DO know the type of job interview you will encounter. Ask, if the information is not volunteered by the person setting up the interview. (See Types of Interviews for Job-Seekers.)

DO ask how long the interview(s) is/are expected to take so you can know how it will impact the rest of your day.

DO ask for the street address of the interview location (and, if appropriate, the floor of a building, and/or office number). Also, inquire about parking and/or public transportation, if appropriate.

Prep for the interview well ahead of time:

If you have a few days before the interview, DO take a practice run to the interview location, preferably at the same time you would be traveling on the day of the actual interview. Be sure you know exactly where the employer’s location is and how long it takes to get there, where to park your car or get off public transportation, etc.

DO demonstrate your interest in the job—and protect yourself—by doing research on the employer, their products and/or services, their competitors, their reputation, and their financial status (you don’t want to be the last person hired before the layoffs begin). Search LinkedIn, and search Google (using the News filter) to discover as much as you can about the organization, its management, and even their competitors. (See our Guide to Researching Companies.)

DO prepare to ask intelligent questions about the job, the employer, or the industry. Having no questions to ask shows a lack of interest and/or preparation. Both are interview killers!

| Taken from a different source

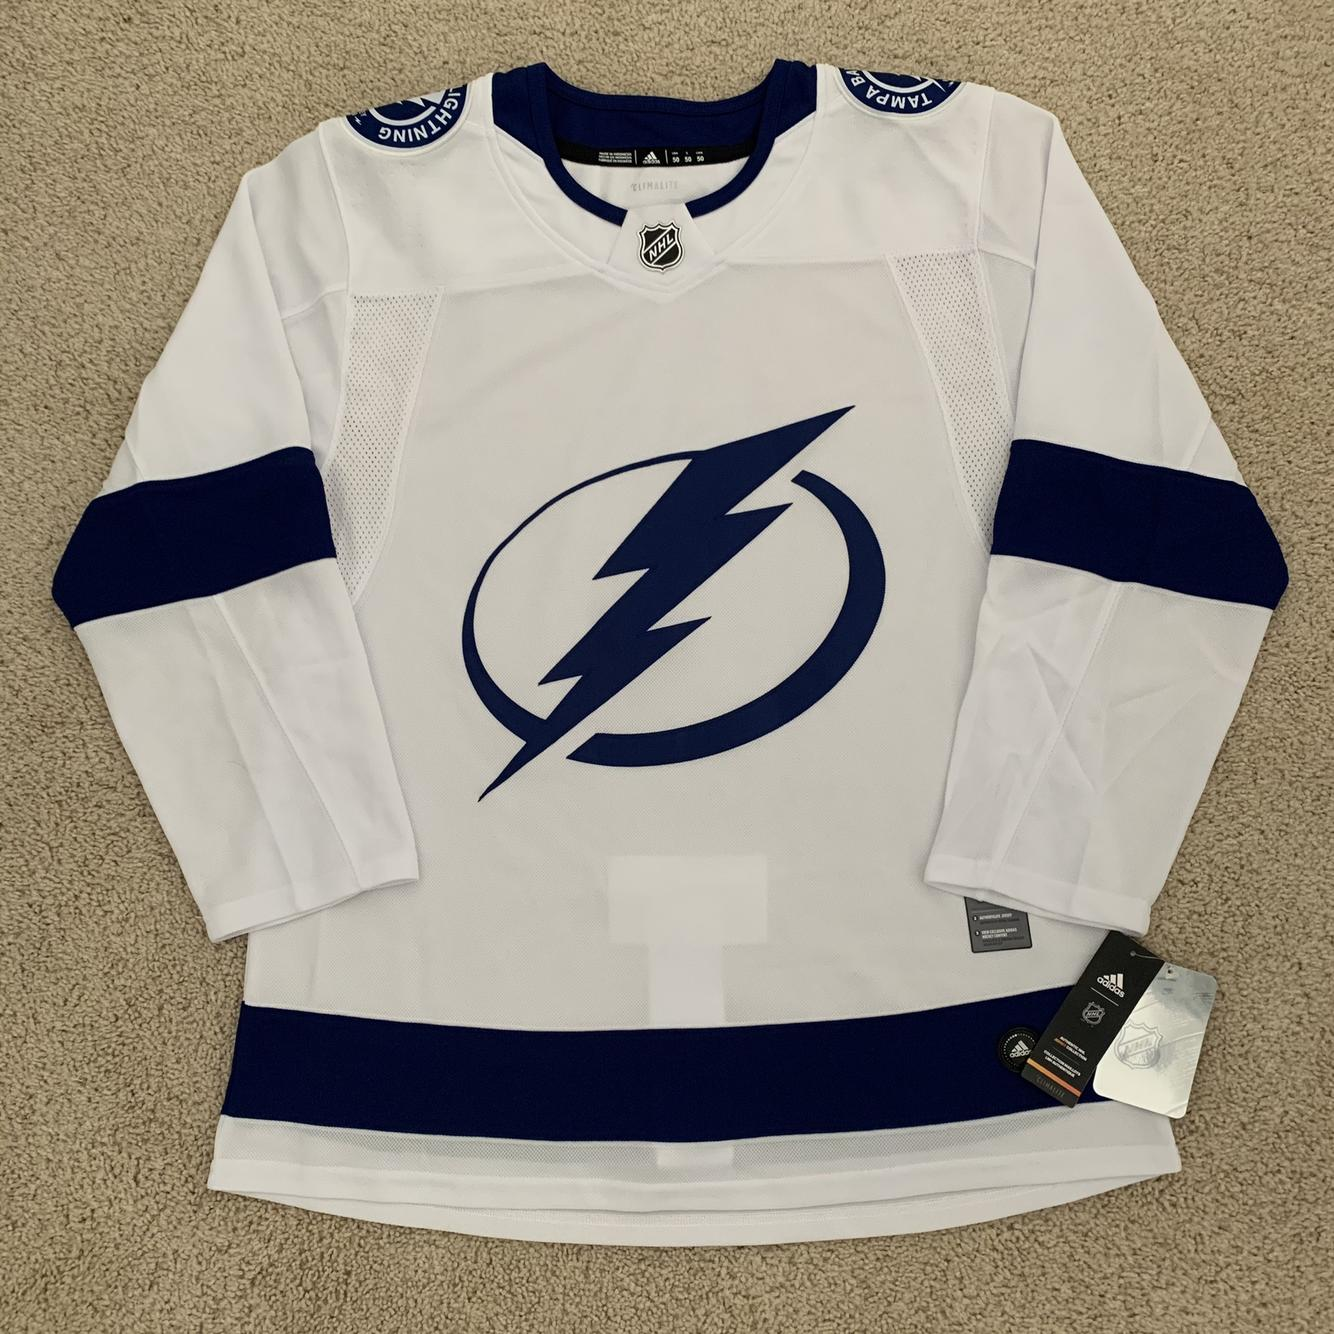 Size 50) Adidas Tampa Bay Lightning Authentic White Away Pro ...

DO practice answering the most common job interview questions, with a focus on answers customized for this employer and this job. Keep in mind that the employer is most interested in how hiring you will benefit them.

DO dress the part—for the job, the company, and the industry—and err on the side of caution if you’re unsure of how to dress (i.e., dress more formally than casually). If you’re not sure what to wear, consider reading our article When Job-Hunting: Dress for Success. Make a great impression at the interview:

DO plan to arrive about 10 to 15 minutes early. A late arrival for a job interview is never excusable. If you are running late, DO phone the employer to let them know. If you arrive more than 15 minutes early, wait until 10 minutes before the interview to present yourself to the employer.

DO turn off or mute your cellphone, and put it out of sight (unless you must use it to demonstrate a job-related skill or accomplishment).

DO be sure to greet the receptionist or assistant and other staff members with courtesy and respect.

If presented with a job application, DO fill it out neatly, completely, and accurately. Keep it “in sync” with both your LinkedIn profile and resume because they will probably be compared to ensure consistency.

DO bring a notepad, in case you need to jot down anything of interest regarding the job. Also bring a copy of the job description, extra resumes, and your personal business cards. If you have a job skills portfolio, bring that with you, too.

DO shake hands firmly, make eye contact, and smile when you are introduced to someone. Avoid having a limp, sweaty, or clammy handshake!

DO wait until you are offered a chair before sitting. And DO remember body language and posture: sit upright with your shoulders back. No slouching!

DO exchange business cards with each person who interviews you, or at least get their business cards (if you don’t have your own).

DO maintain eye contact with your interviewer(s), and show enthusiasm in the position and the company at all times.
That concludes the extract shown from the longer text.